20 In my opinion, the insured has demonstrably failed to identify properly the important new issue which it now seeks to rely on at the trial commencing next week.
21 In my view, it could not reasonably have been thought, having regard to the degree of contest evident between the parties, that the insurer would simply consent to the admission of Dr Hampshire's report, unheralded and unflagged as it was, even if the full version had been served on 24 December. In Aon Risk Services Australia Limited v The Australian National University (2009) 239 CLR 175 at 211 [92]-[93], Gummow, Hayne, Crennan, Kiefel and Bell JJ observed that the principles of case management are now an accepted aspect of the system of civil justice administer by courts in Australia. They said that it had been recognised some time ago by courts in this country and elsewhere in the common law world that a different approach was required to tackle the problems of delay and cost in the litigation process. They observed that the achievement of a just, but timely, and cost-effective resolution of dispute has an effect upon the court and upon other litigants.

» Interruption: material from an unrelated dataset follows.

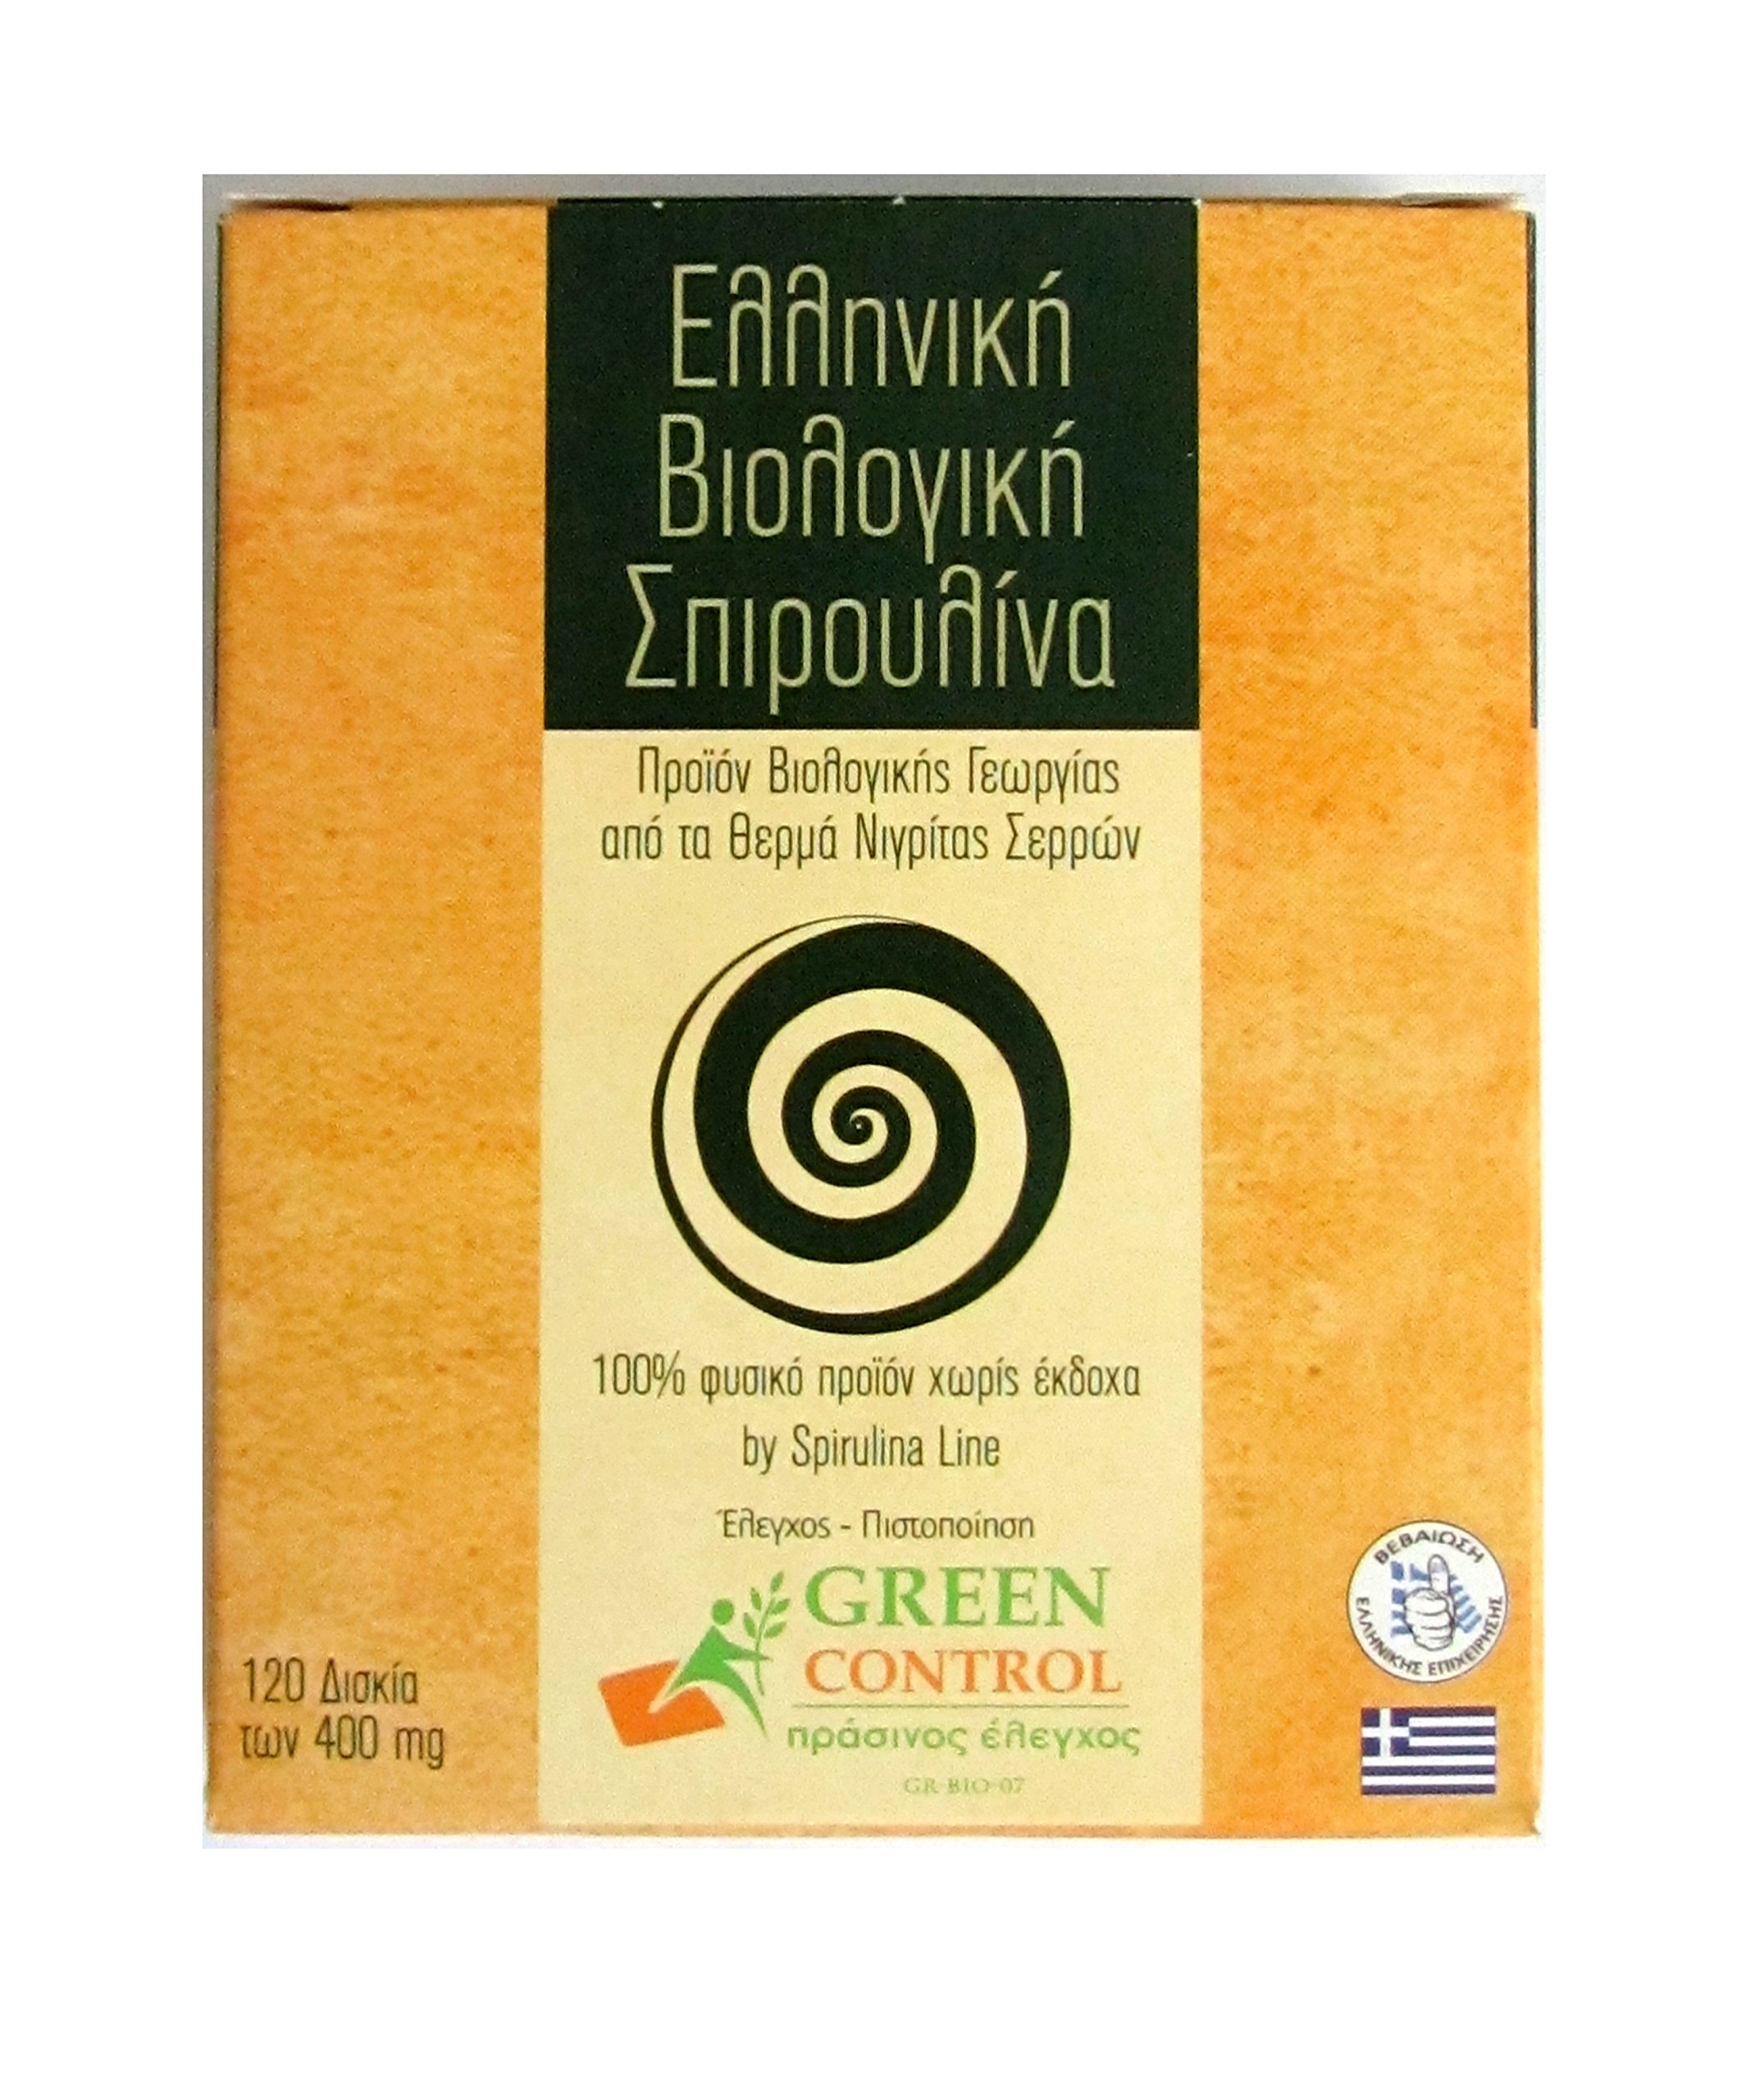 Greek Bio Organic Spirulina Tablets 400mg Pack of 120 - No Iodine

22 The explanation that there was a psychiatric reason why Mrs O'Shannassy behaved in the way she did that could be possibly inconsistent with the inference which I apprehend the insurer will seek to have drawn, that she was manifesting evidence of intoxication, was clearly a part of the insured's case since, at least, by the time of the directions hearing on 23 October 2009. Because the insured intended to rely on that report then, it should have been made clear that was to happen and proper directions should have been prepared to enable the insurer to have had the opportunity to obtain its own medical evidence to deal with that issue. It is a matter of considerable concern that the Court was not properly informed of this issue being on the table. In my opinion, this was an inappropriate departure from the principles that apply to proper case management and should never have happened. It is a matter that should not be repeated.

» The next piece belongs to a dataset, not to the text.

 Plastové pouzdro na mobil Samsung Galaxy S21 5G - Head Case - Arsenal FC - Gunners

23 In the light of what the insurer has put as its preferred course of action, it seems to me that I should make an order in relation to the production of the medical records that it seeks and refuse the adjournment application, leaving it to the trial to determine whether, and to what extent, any evidence of the kind raised by Dr Hampshire's report may be deployed in evidence.
I certify that the preceding twenty-three (23) numbered paragraphs are a true copy of the Reasons for Judgment herein of the Honourable Justice Rares.